The Shuptrines have even incorporated the garden into their home—their two-story-high tomato plants that run up the south side of the house produce well into December. And their laundry room doubles as a utility room where they wash, sort, and bag the produce.

Dick reckons they grow two hundred to three hundred pounds of tomatoes a year, which inspires his daughter, Shannon Ellis, and her family to join the harvest. Their ten-year-old grandson even tends his own garden. “All of our kids have taken our lead in eating fresh, organic foods,” Dick says. “We do a lot together as a family—putting up the tomatoes as spaghetti sauce … as well as pickling, making jams, and freezing berries.”

Even though Dick was a natural, he never set out to do this for a living.
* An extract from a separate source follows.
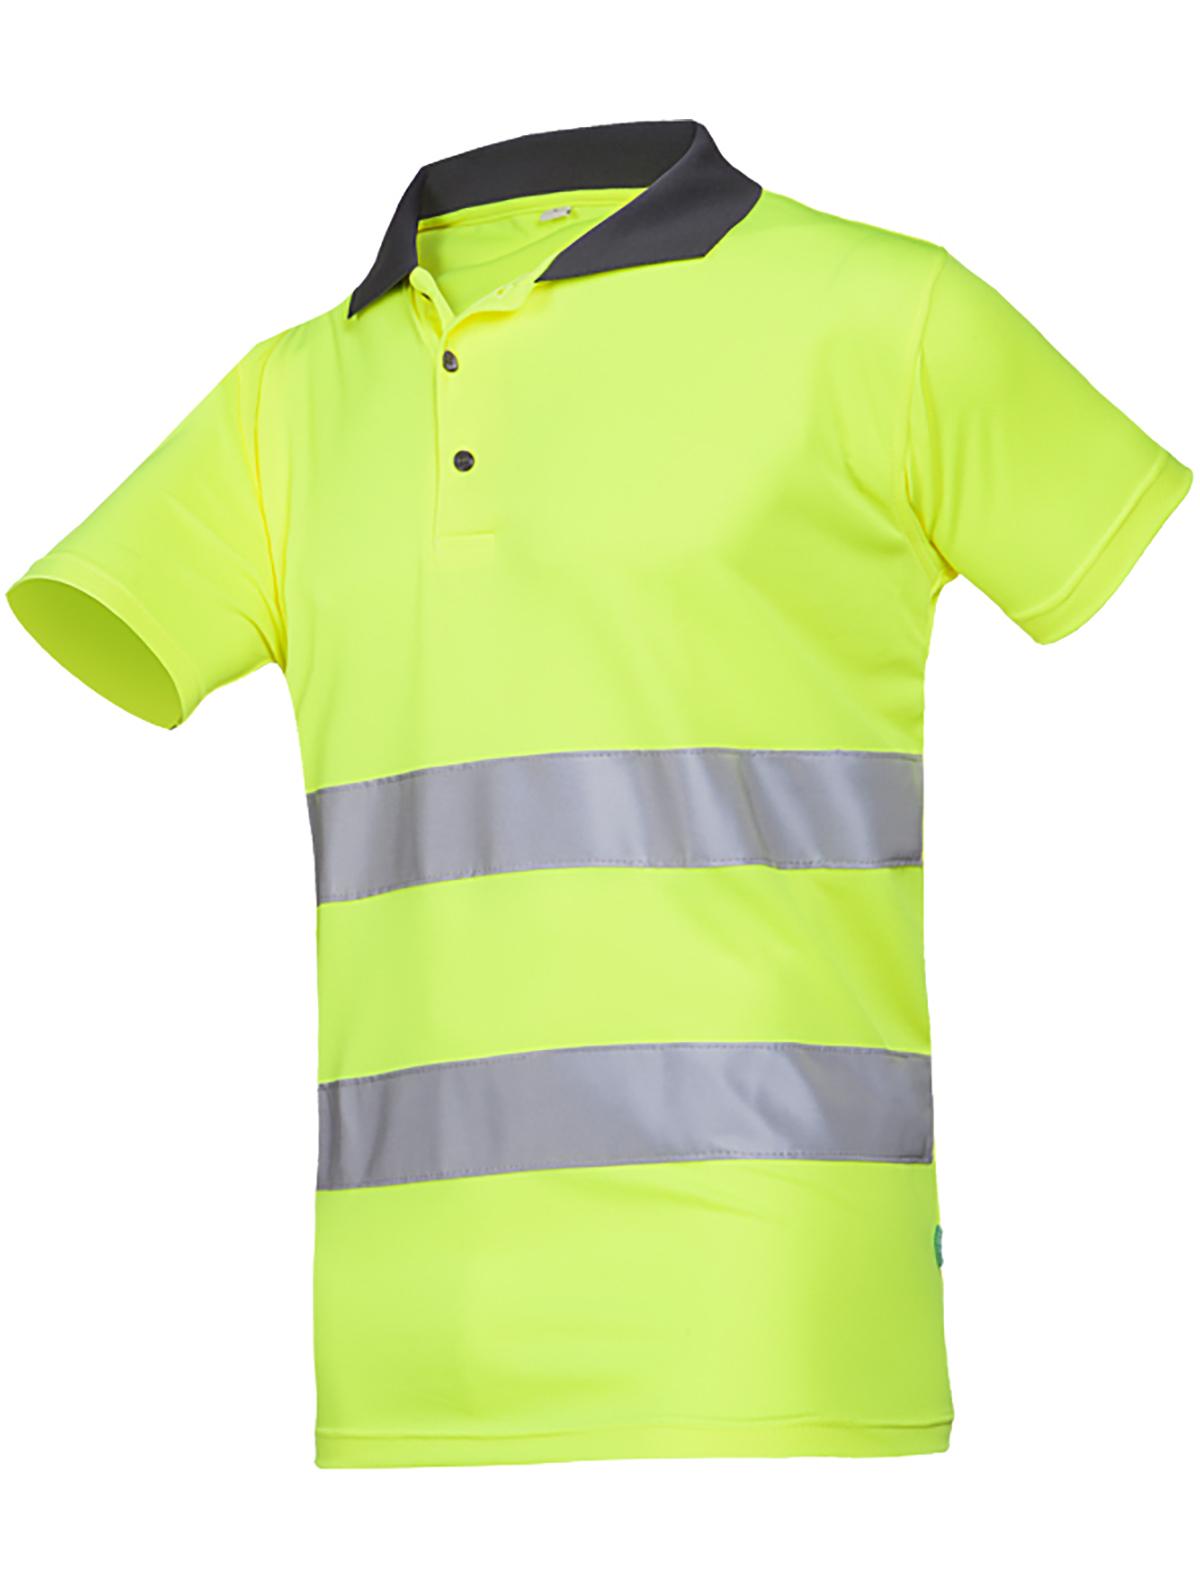 Poloshirt Irola basic
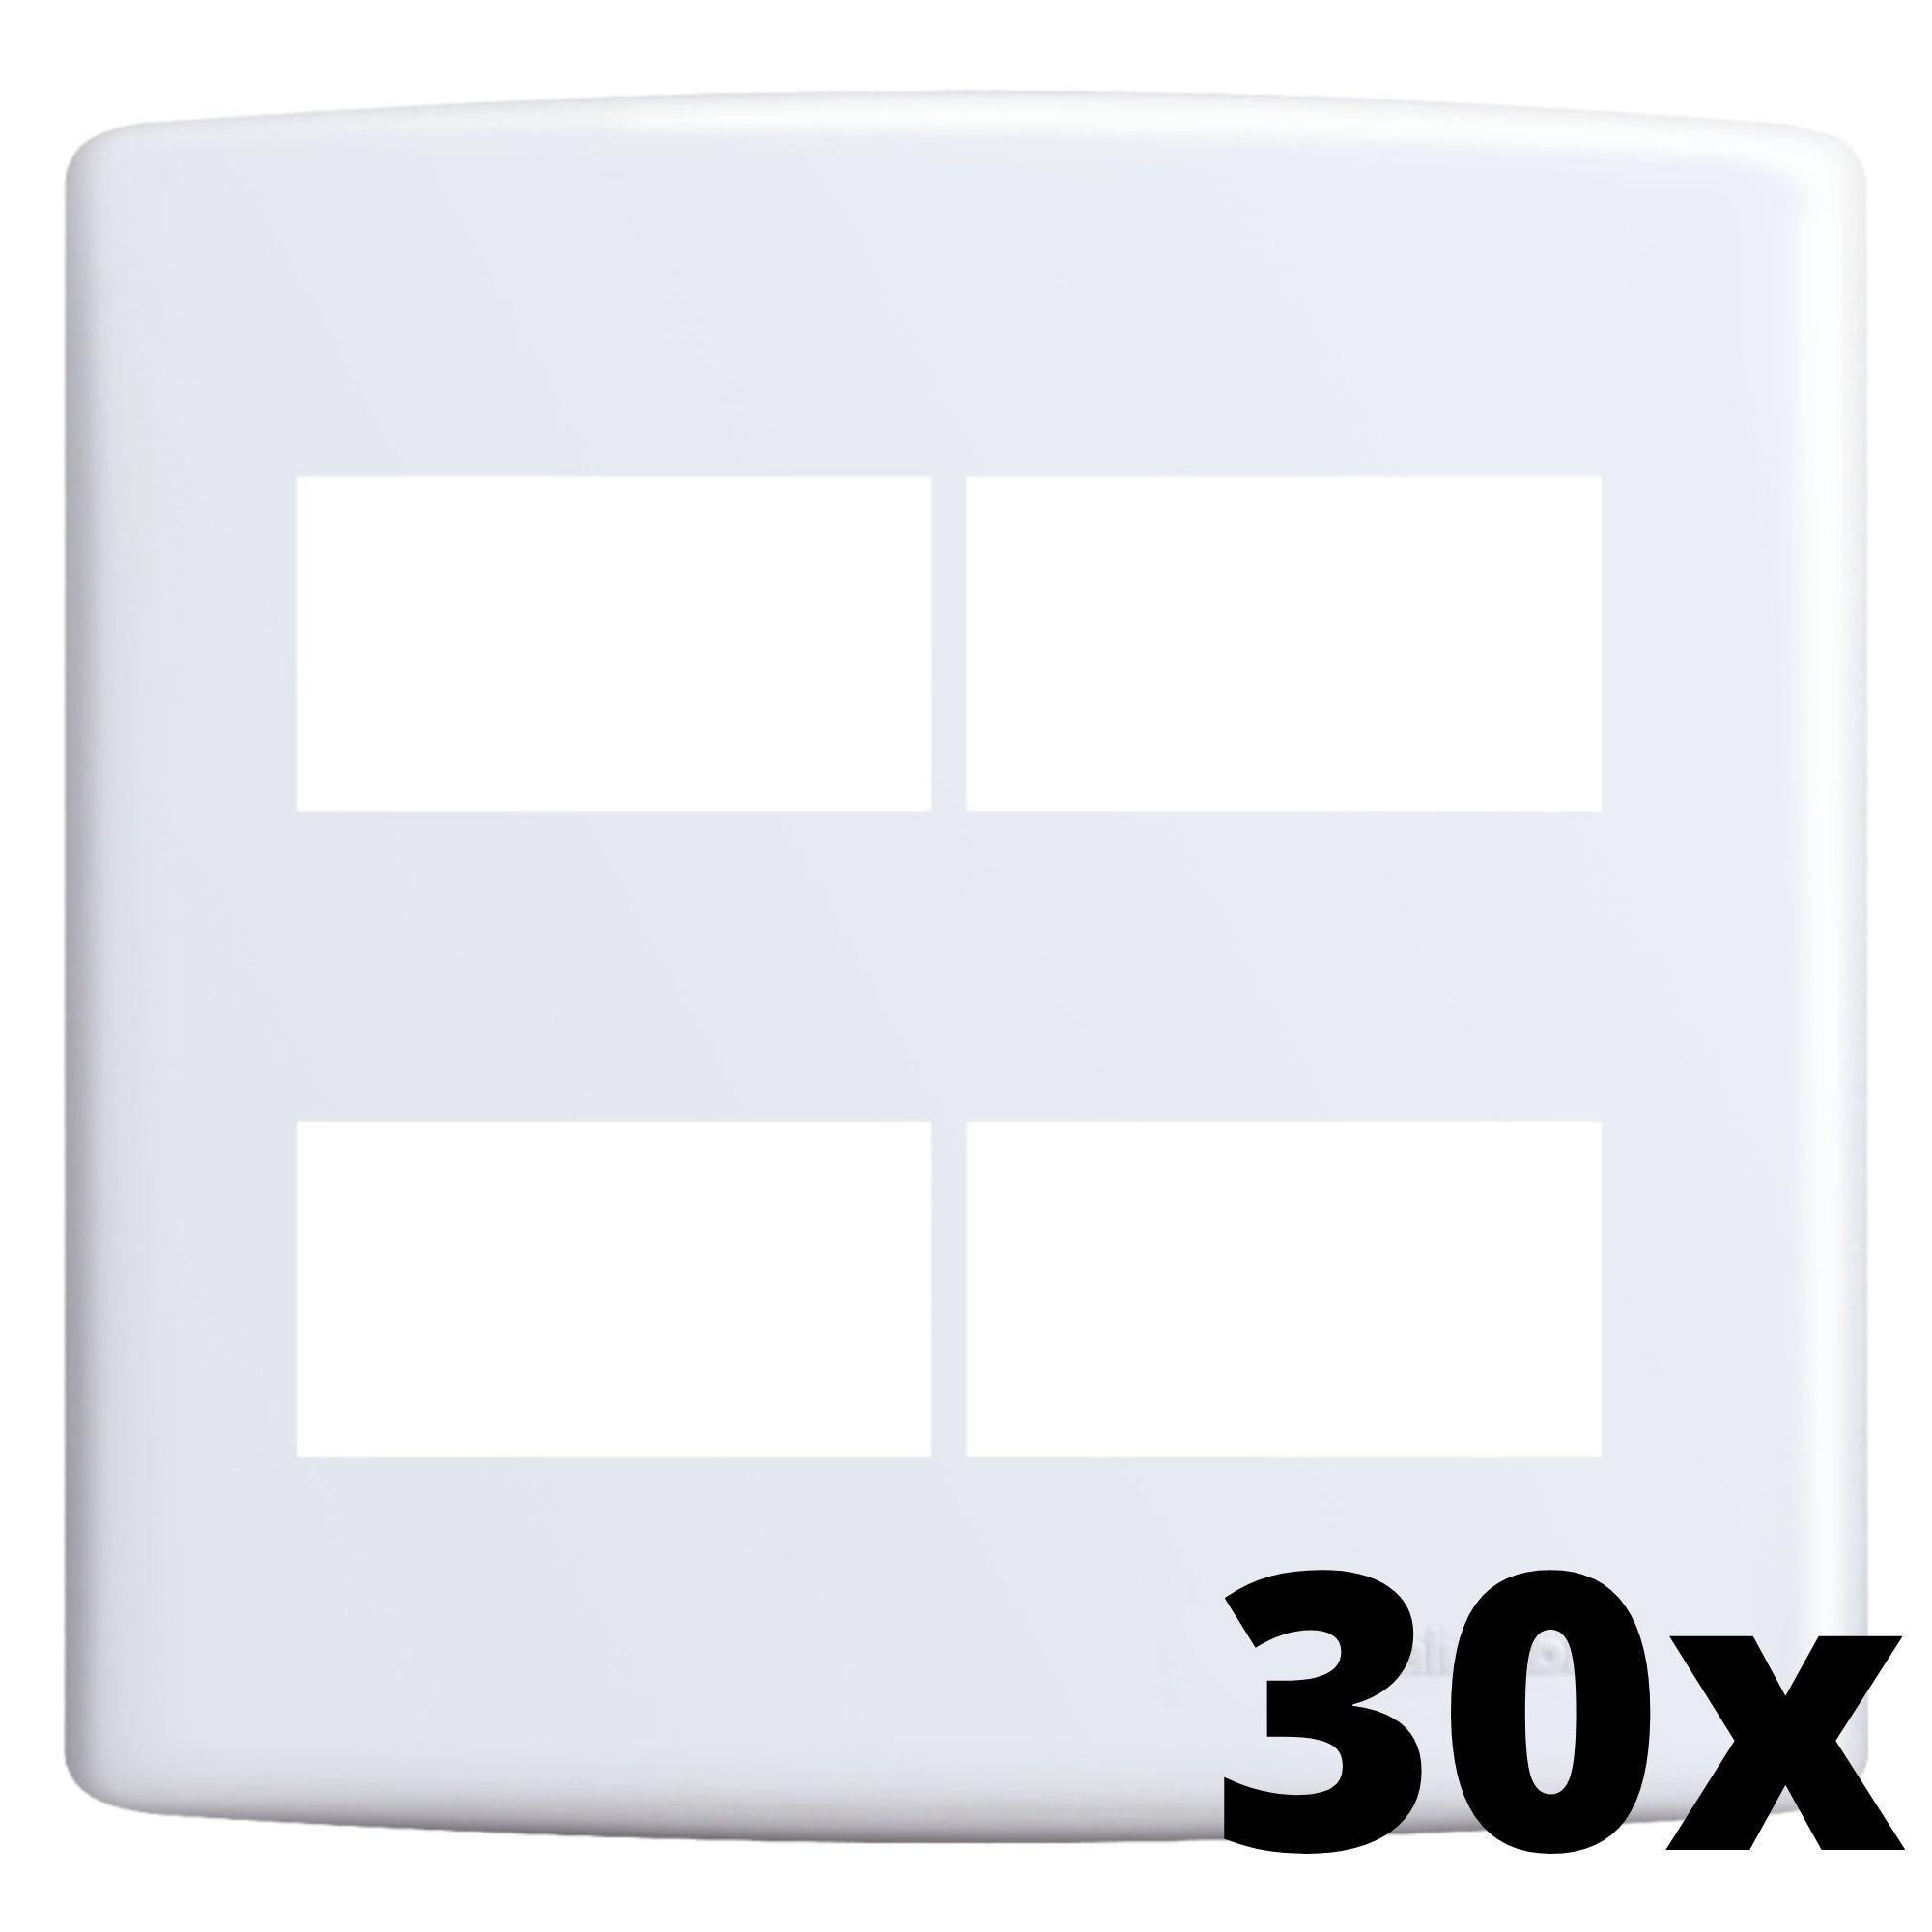 Kit 30 und Siena Placa 4x4 2 Seções + 2 Seções Distanciadas

He jokes that he could never call his property a “farm” because Sandy never let him buy a tractor. The Teton County/Jackson Parks and Recreation Center summer camp comes once a week to weed, plant, and pick, and he occasionally works with local garden clubs. Dick credits his success to his “group of ladies” who, year after year, return to share in the work and the harvest. And, like the Heslins, he cites the generosity of other farmers like Star Valley’s Eagan family. Despite this major endeavor, Dick asserts in his humble way, “It’s nothing organized—gardening is a hobby, so why be so organized?”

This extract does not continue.